YOUR INSTRUCTIONS:
Could you restate word for word each line from the top of the listing below through the line containing "De iPad gaat"? Keep the pictures out.

DATASET EXTRACT:
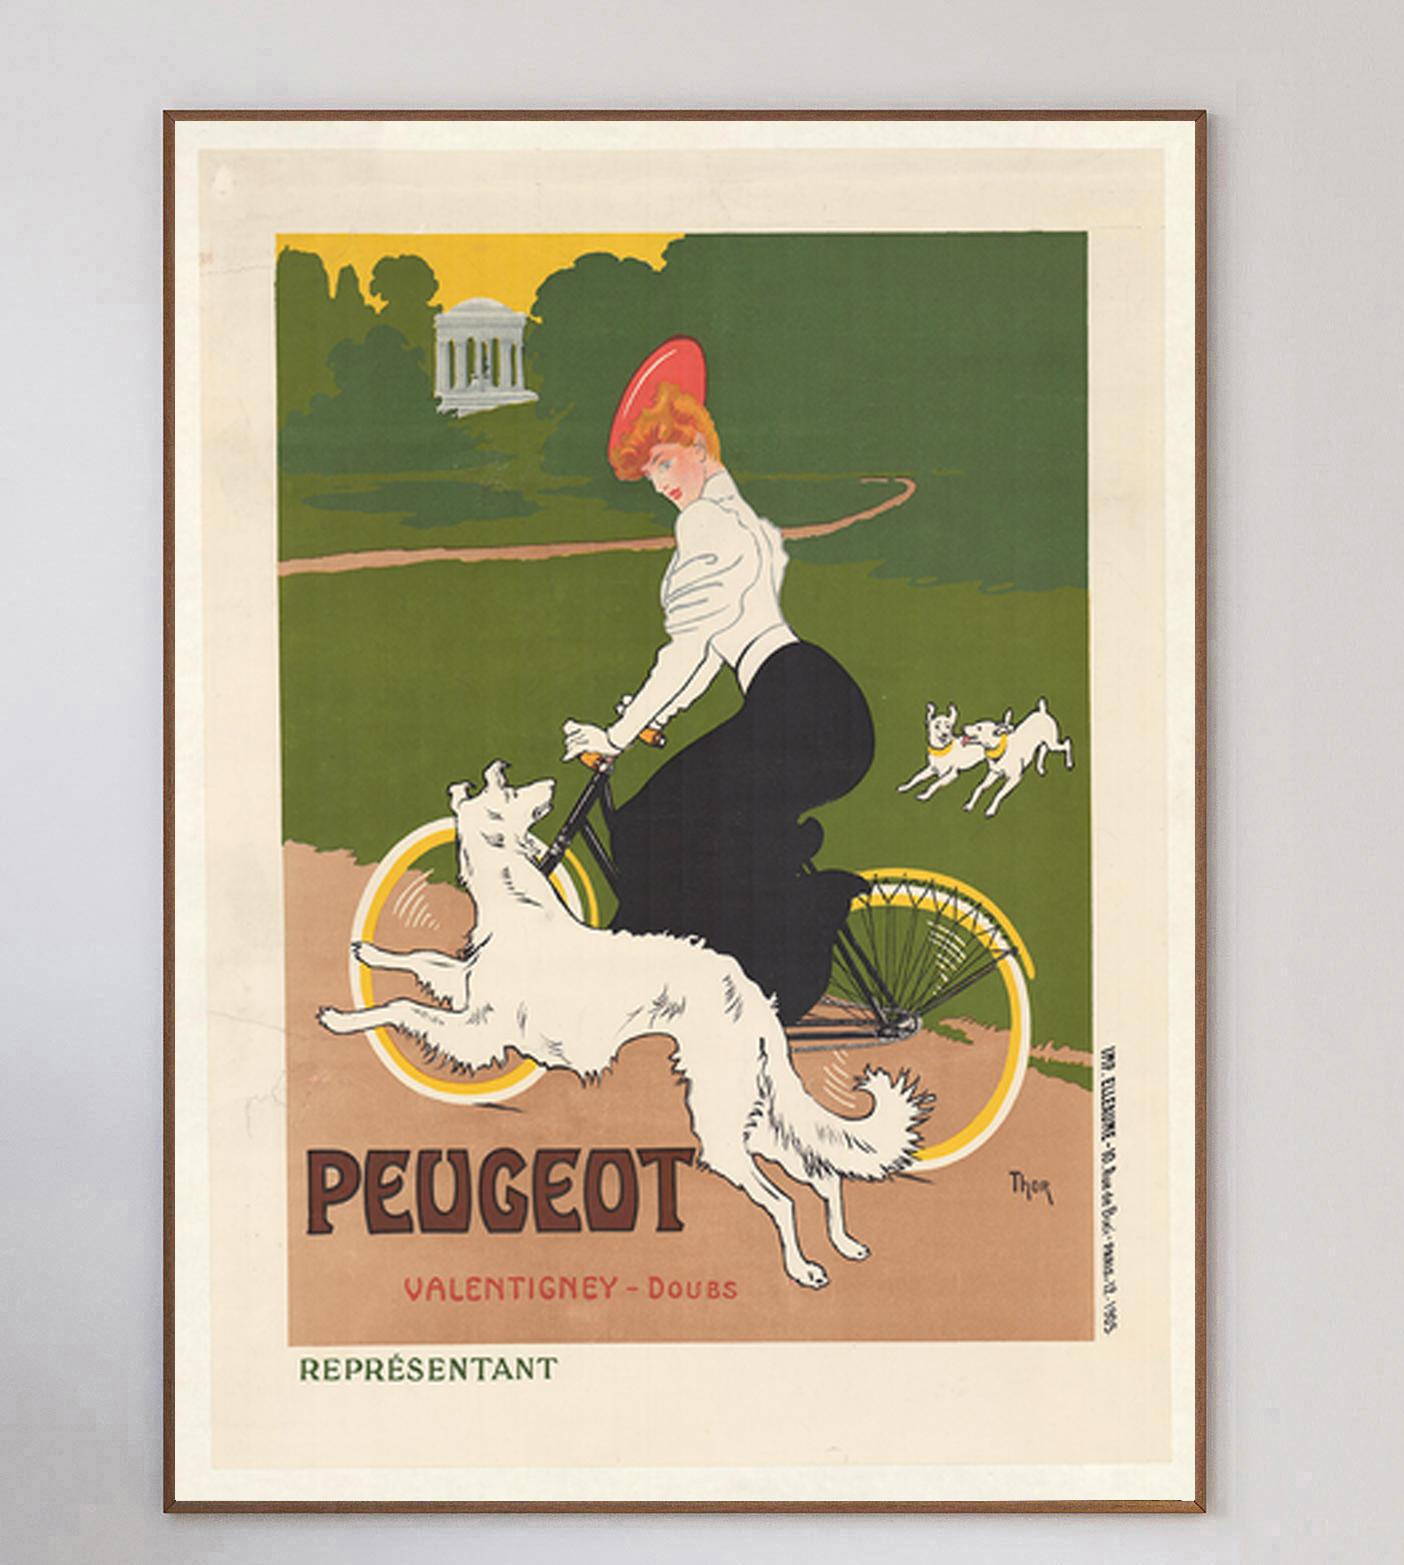 Dieses schöne Plakat wurde 1905 von dem deutschen Maler und Illustrator Walter Thor gestaltet. Das Kunstwerk, das für Peugeot Cycles in der Gemeinde Valentigney im Doubs (Frankreich) wirbt, zeigt eine Frau, die zusammen mit ihren Hunden radelt, in
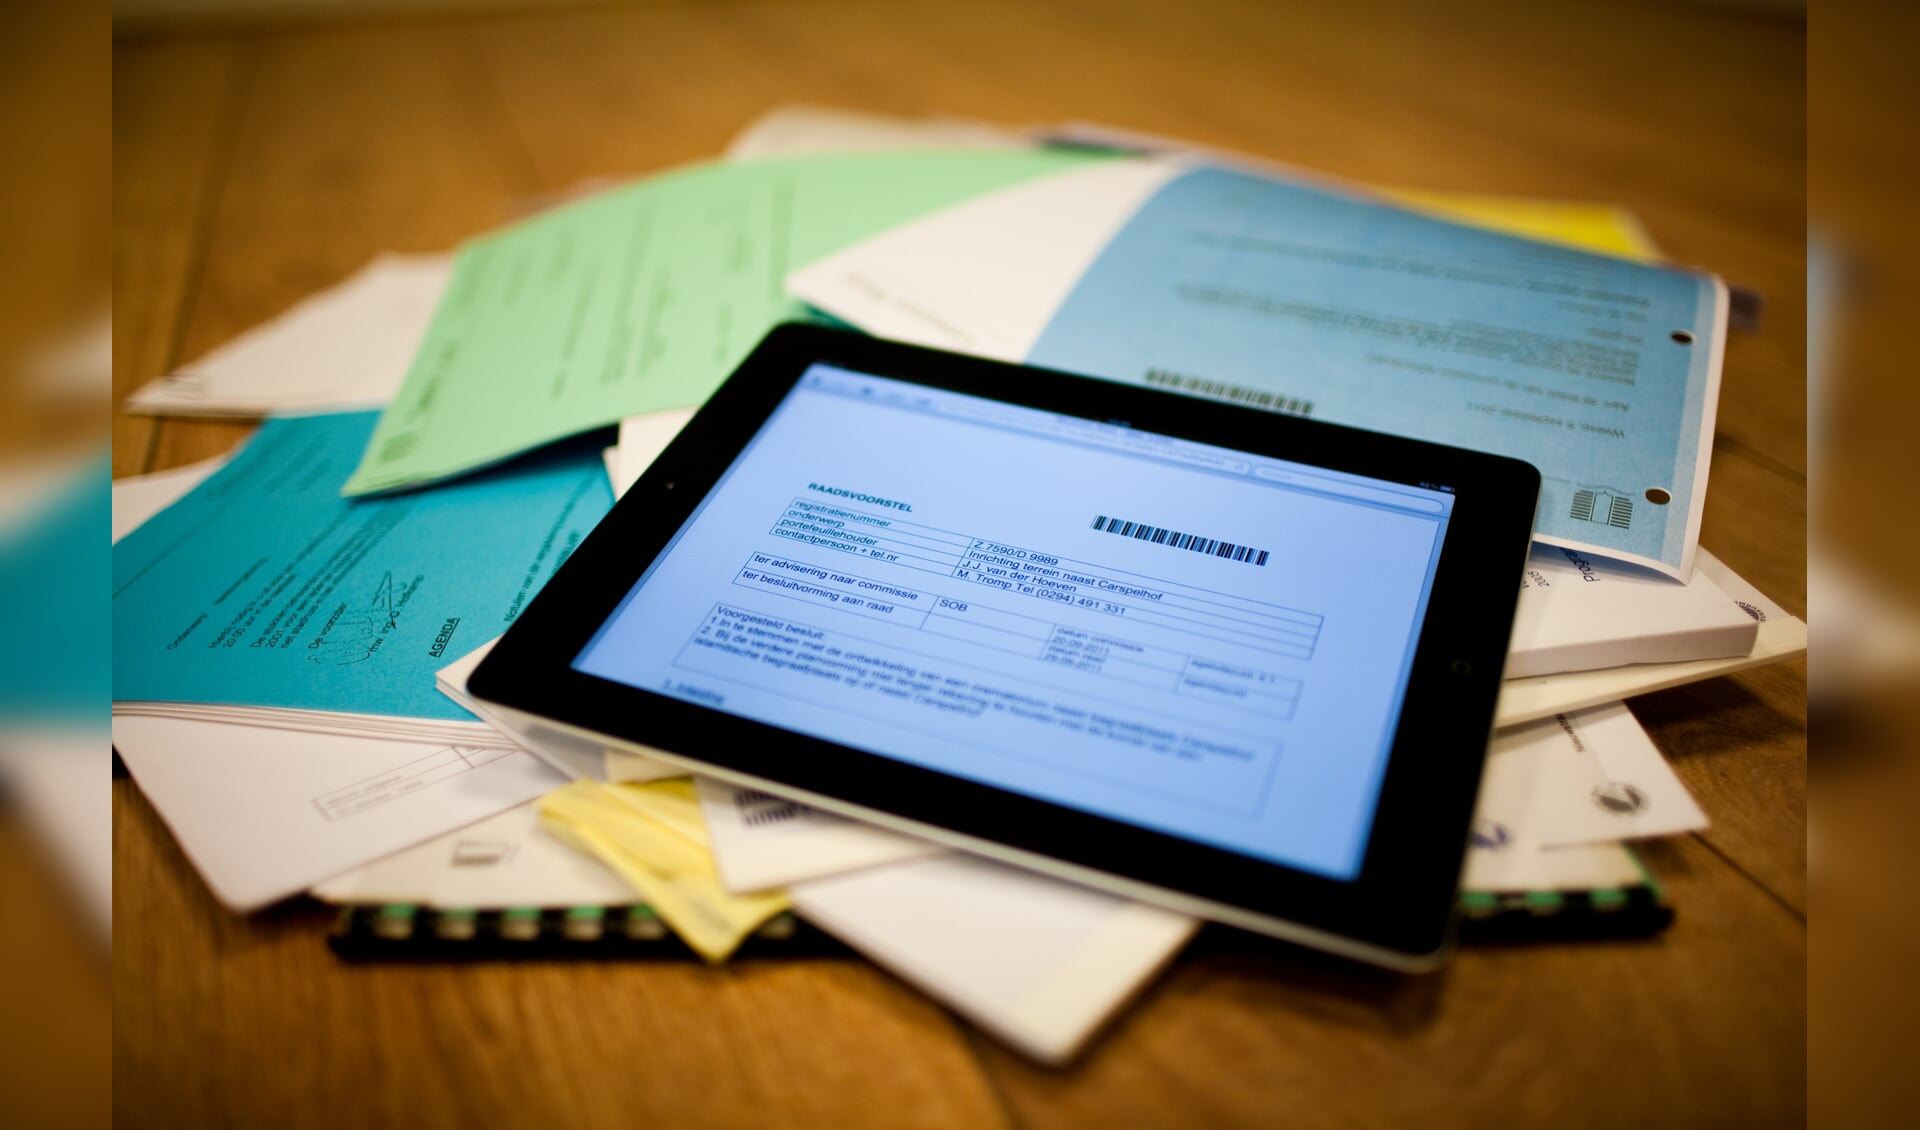 De iPad gaat alle honderden raadsstukken vervangen. De papierstapel past in één pdf.
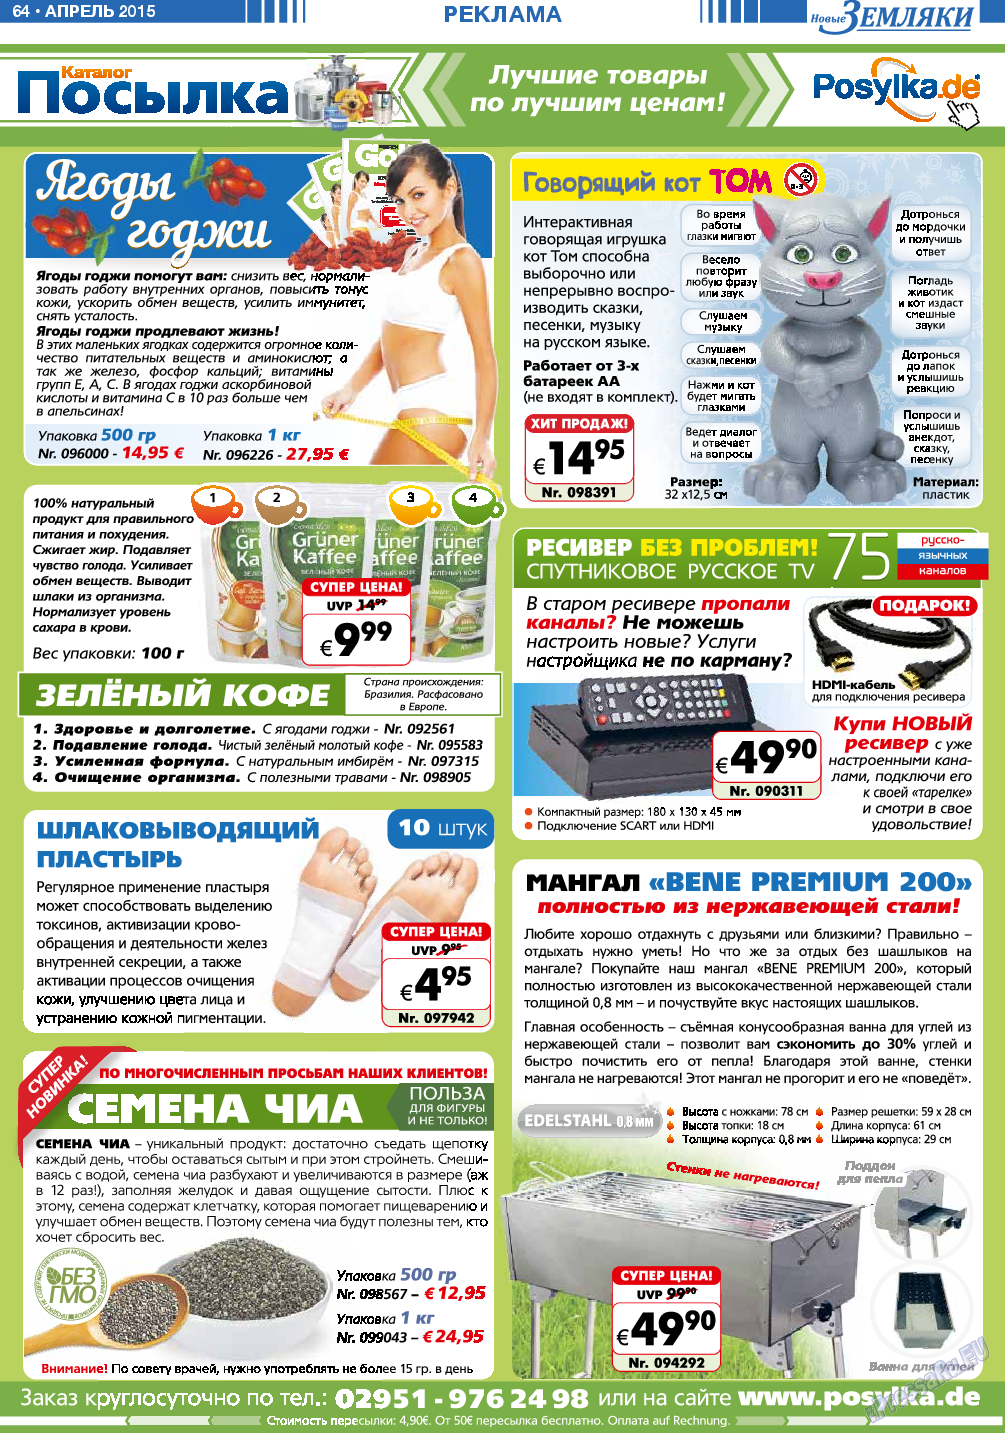 Новые Земляки, газета. 2015 №4 стр.64

RESPONSE TO THIS TASK:
 Dieses schöne Plakat wurde 1905 von dem deutschen Maler und Illustrator Walter Thor gestaltet. Das Kunstwerk, das für Peugeot Cycles in der Gemeinde Valentigney im Doubs (Frankreich) wirbt, zeigt eine Frau, die zusammen mit ihren Hunden radelt, in
 De iPad gaat alle honderden raadsstukken vervangen. De papierstapel past in één pdf.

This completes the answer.